The species of Persea have a disjunct distribution, with about 109 Neotropical species, ranging from Argentina and Chile in South America to Central America, Mexico, and the Caribbean; with two species, P. indica and P. barbujana, native to Madeira and the Canary Islands off northwest Africa. None of the species are very tolerant of severe winter cold, with the hardiest, P. lingue, surviving temperatures down to about -12 °C; they also require continuously moist soil, and do not tolerate drought. A number of these species are found in forests that face threats of destruction or deforestation, including P. lingue in central Chile.
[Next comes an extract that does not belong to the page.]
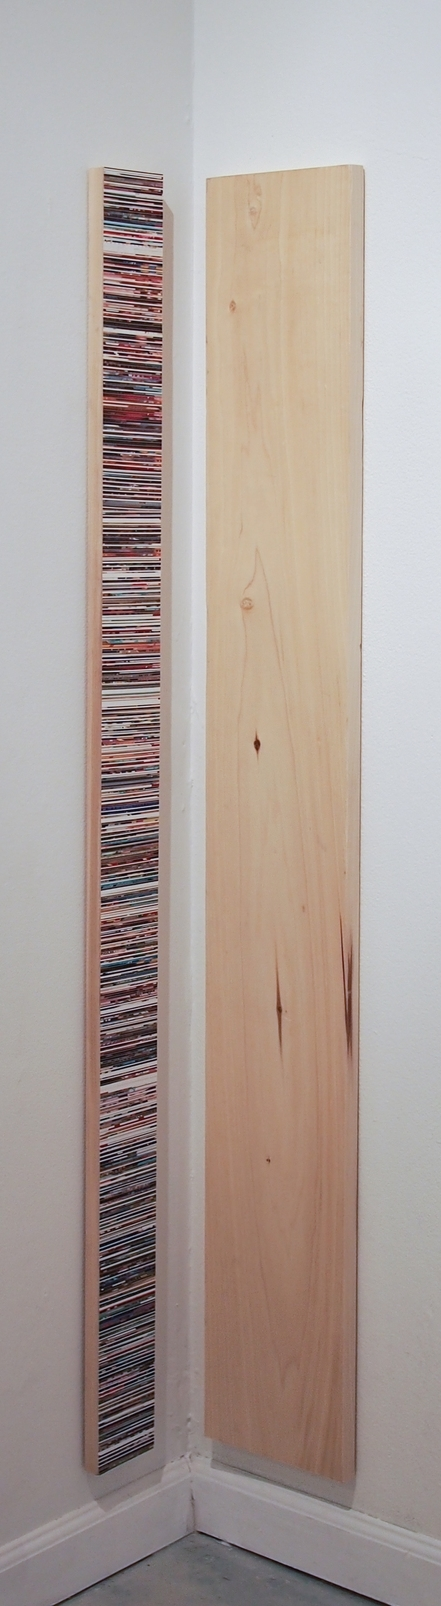 """Chub, Chub""  2014  Gloss gel medium, photo clippings on wood"

The family Lauraceae was part of the land flora of Gondwana, and many genera had migrated to South America via Antarctica over ocean landbridges by the time of the Paleocene. From South America they spread over most of the continent. When the North American and South American tectonic plates joined in the late Neogene, volcanic mountain building created island chains which later formed the Mesoamerican landbridge. Pliocene elevation created new habitats for speciation. While some genera died out in increasingly xerophytic mainland Africa, starting with the freezing of Antarctica about 20 million years ago and the formation of the Benguela current, others, which also reached South America and Mesoamerica, such as Beilschmiedia and Nectandra are still surviving today in Africa in a number of species. The genus, however, died out in Africa, except for P. indica and P. barbujana, which survive in the fog-shrouded mountains of the Canary Islands and Madeira.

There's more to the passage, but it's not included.